Boredom and drabness, Victor said, were the things he dreaded most.

Dolores tried to think what she dreaded most. Not death, not pain, bad as those were, because there was no point in dreading them, they were inevitable. Not natural catastrophe, bad as it was, because there was no point in dreading it since it was unpredictable. She knew what she dreaded most: the complete take-over of the world by a mentality she privately called Nazi. No relation to any political party in any country; found everywhere, indigenous on planet earth. And gaining every day.

The Nazis, after all, were only the epitome, the egregious example in her own lifetime of a common enough tendency, found on your own block, found maybe in your own house. Started from the belief that some people were inherently better than others, were by birth entitled to what they called rights, but were really privileges not extended to others. Color them legitimate. The “in” group then made nice neat (or not so neat) demarcations among the others: some people were more entitled to respect by the legitimates than others. Color most of them white, and all of them male. There were even a few white Jews and some almost white niggers, if you looked hard. Not for some Nazis, of course. Some Nazis were more fastidious.

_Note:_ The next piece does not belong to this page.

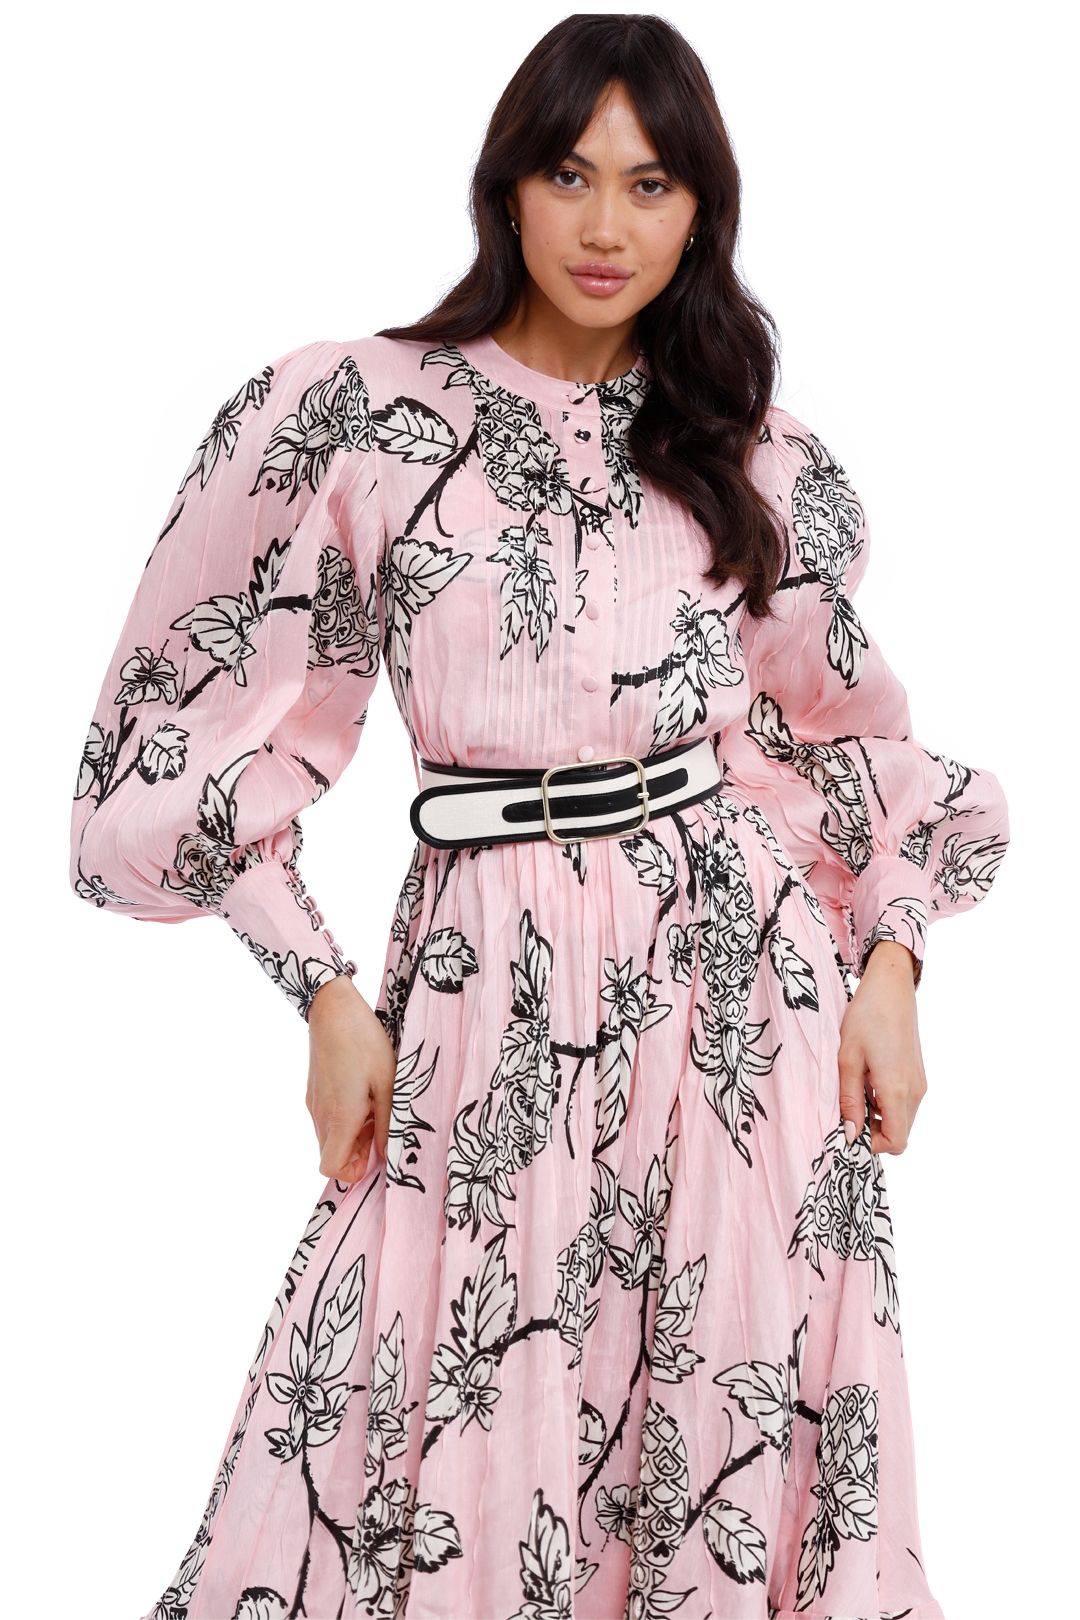 LEO LIN Pina Silk Linen Dress Pink floral

But everybody, and in time, everything, was ranked, And even the legitimates in one place became less so in another. The department head strode around like a martinet until he went up in the elevator to the top floor and met the president, and quavered. And the man on the assembly line had to take all kinds of shit from his foreman, but when he was with his buddies in the bowling alley, he was king of the hill. But all men had one unfailing area where they were legitimate, and that was with their women. Maybe with all women. Used to be, social class kept some men from daring to approach some women, but not anymore. Democracy had made all women open to anything from all men.

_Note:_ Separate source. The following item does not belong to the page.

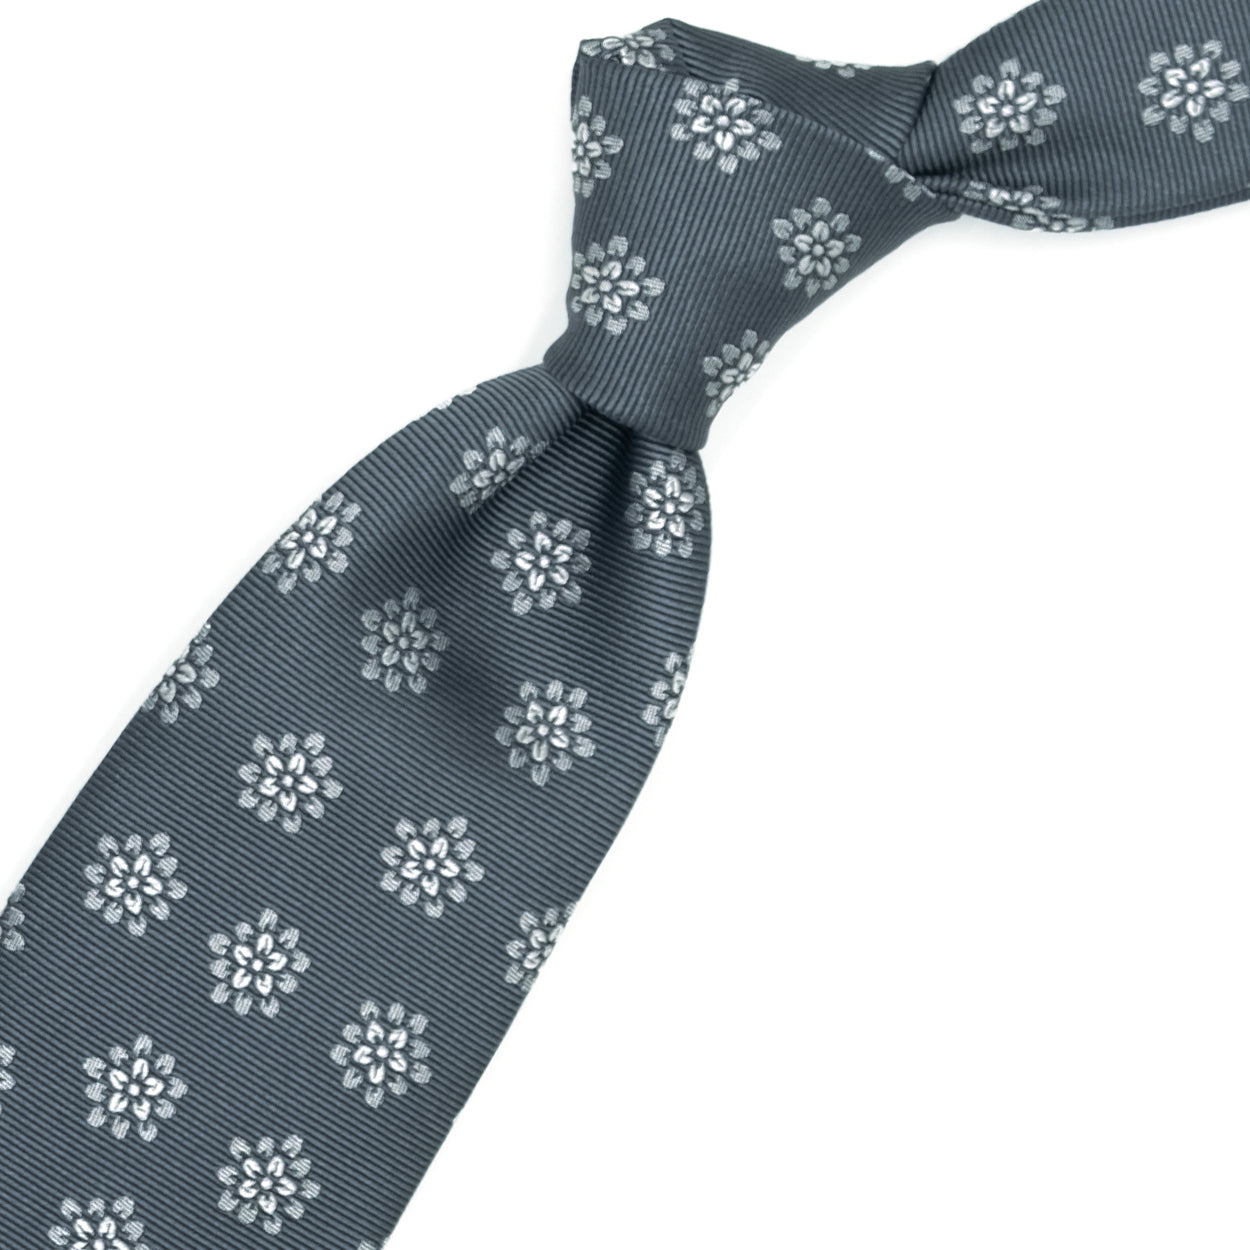 Grey tie with light grey flowers

And the way you run this shop is through the brain: everybody is convinced that the people who say they are legitimate
are
legitimate. So everybody runs in fear, abject to authority. And everybody who has any hope at all aims for the top floor where the chairman lives. The chairman has no face and no body either. He has a uniform with a blank on top of it and he lives always at the tops of high buildings, or in fortresses on islands in warm waters. He goes up and down in private elevators and never encounters anything unfriendly, anything untamed—not people or weather or a hostile editorial. His underlings make sure of this.